I'm hoping to try and replicate some of the surfaces in GH at some point. The algorithm I used was Dynamic Relaxation with Kinetric Damping. The great thing about DR and kinetic damping is that it is able to find numerical solutions where ordinary solvers would fail where the displacements, change in geometry during relaxation, are simply too high. This applies to traditional numerical solvers which use a "Stiffness matrix" approach. You can see from the images in my gallery that the surfaces are as far away as possible from a minimal surface, even so, DR is rigorous enough to find the form of these minimal surfaces as they deform massively.

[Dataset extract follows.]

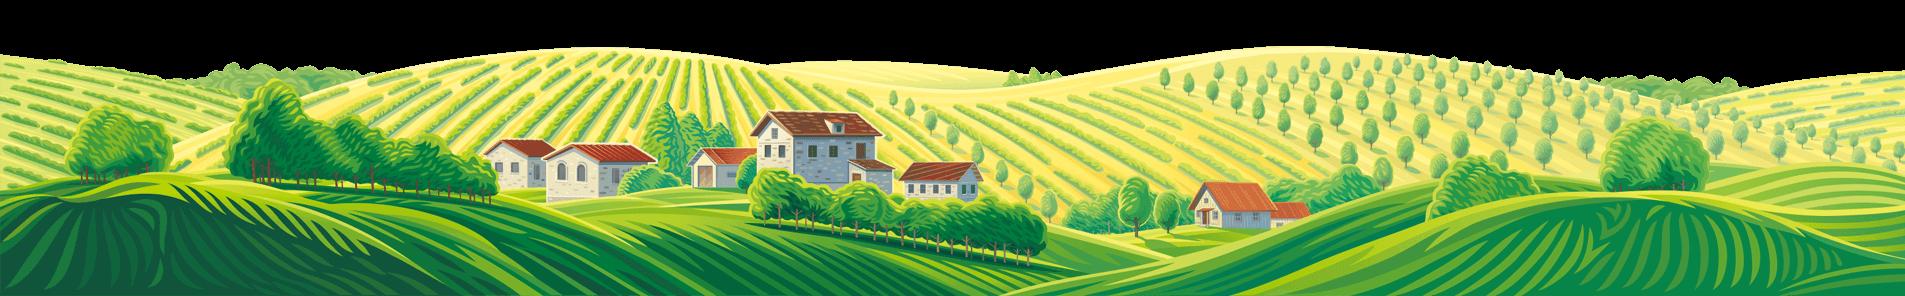 ワイン畑の絵

There are already a lot of minimal surface solvers out there in Rhino/GH which I am sure can do as good a job. It would be cool if someone could do a verification test on some of the surfaces produced to check the accuracy. Simple verifications would be a catenoid - increasing the height should cause the soap film (minimal surface) to become unstable and break at a mathematically known height. Another example is to use the box example - see my gallery. The location of the midpoint of the minimal surface should be exactly at mid height and the radii of curvature in the opposing directions should be exactly equal to one another. The only other way to prove a minimal surface exists is to do soap film tests. If you are interested at looking at benchmarks let me know and I can send you soem more info.
I would really appreciate your time,..
Thanks a lot,...